2017-09-16T21:44:11.266Z info hostd[69401B70] [Originator@6876 sub=Solo.Vmomi opID=179ca1eb-c-cc73 user=vpxuser:VSPHERE.LOCAL\prod-Zerto-fcbdf1fb-3575-4d99-9fde-0be131222758] Result:
--> (vim.fault.FileAlreadyExists) {
-->    faultCause = (vmodl.MethodFault) null,
-->    faultMessage = (vmodl.LocalizableMessage) [
-->       (vmodl.LocalizableMessage) {
-->          key = "com.vmware.esx.hostctl.default",
-->          arg = (vmodl.KeyAnyValue) [
-->             (vmodl.KeyAnyValue) {
-->                key = "reason",
-->                value = "Failed to create directory 44e38a59-5440-a5e4-a8e5-0cc47aa432a8 (File Already Exists)"
-->             }
-->          ],
-->          message = <unset>
-->       }
-->    ],
-->    file = "44e38a59-5440-a5e4-a8e5-0cc47aa432a8"
-->    msg = ""
--> }


 Ah, it can't create directory.
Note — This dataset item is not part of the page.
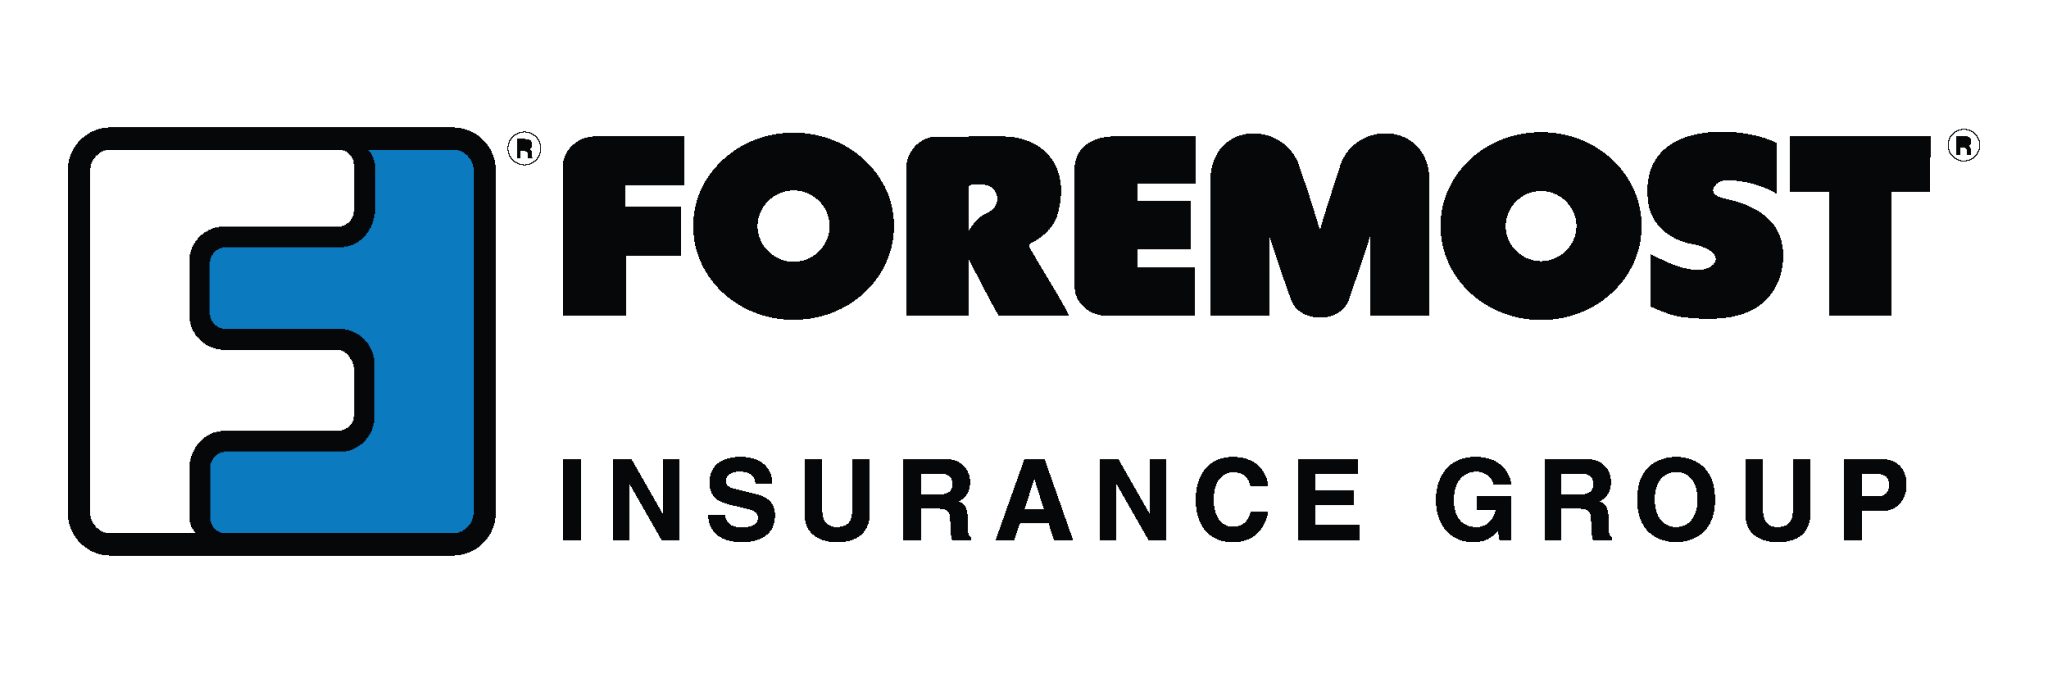 Foremost Insurance at Cornerstone Insurance
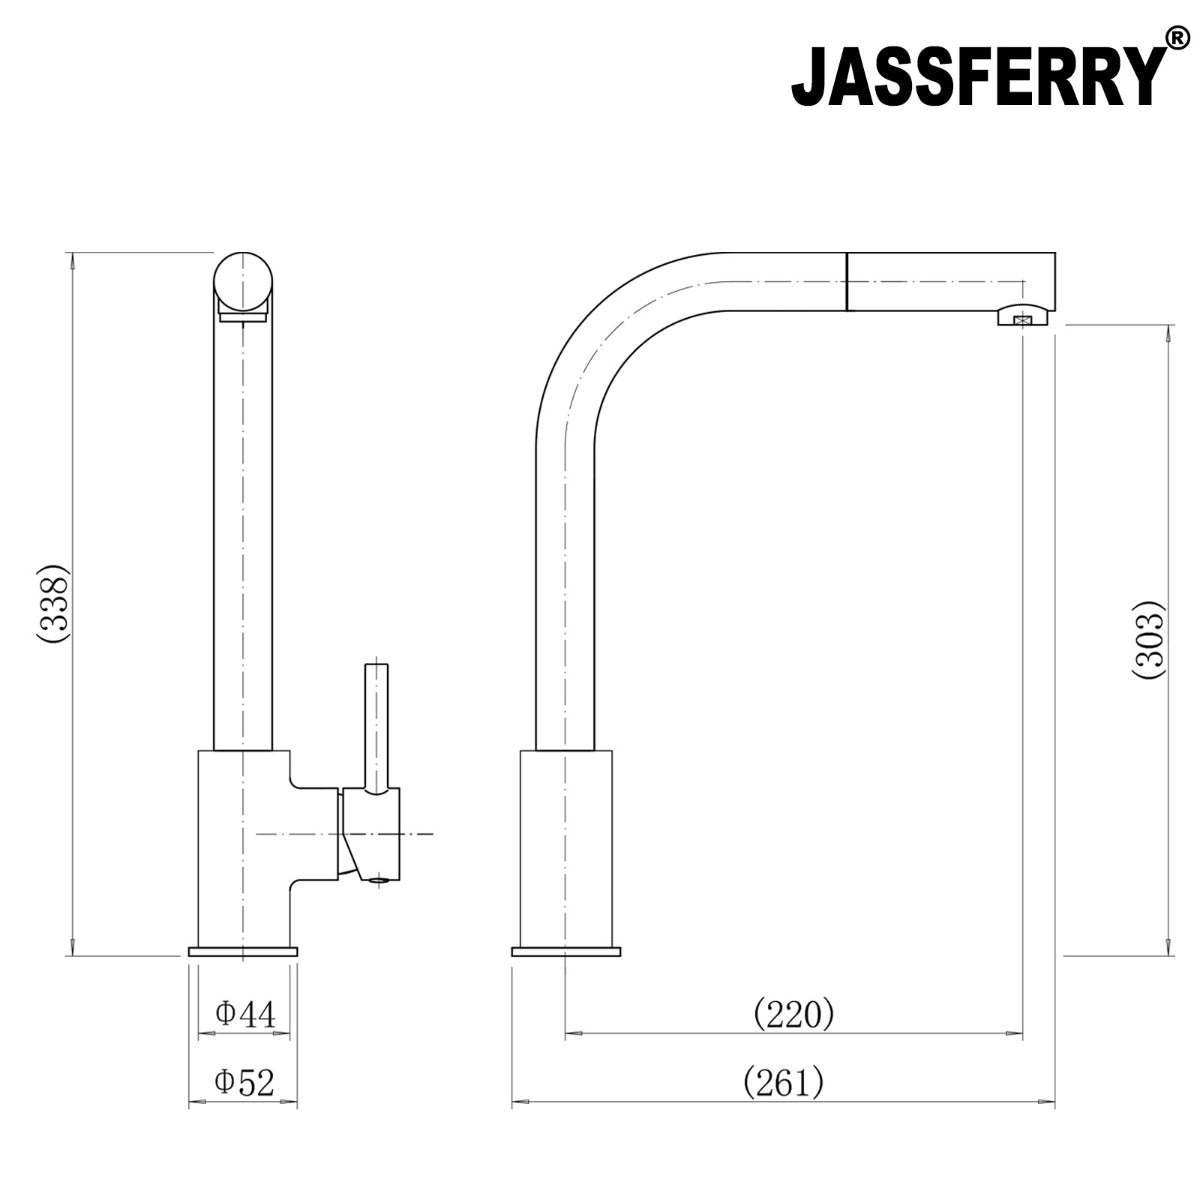 JassferryJASSFERRY Modern Kitchen Mixer Tap L-Style Swivel Spout Sink Faucet Single LeverKitchen taps

Quick look to vSAN content and I noticed that this directory exists. But deleting it from Web client failed. So I went back to ESXi:


ls: ./44e38a59-5440-a5e4-a8e5-0cc47aa432a8: No such device or address


Hmm, something's wrong here, can I remove it by force? Of course:

 /usr/lib/vmware/osfs/bin/osfs-rmdir 44e38a59-5440-a5e4-a8e5-0cc47aa432a8 -f

Result:

Deleting directory 44e38a59-5440-a5e4-a8e5-0cc47aa432a8 in container id a5c518a4ceaa4b9e8cd24fc5c9c0cad3 backed by vsan (force=True)

 (yes, I used The Force)

Verified in GUI that catalog was deleted (it was) and tried to create VPG again... Voila, it worked! 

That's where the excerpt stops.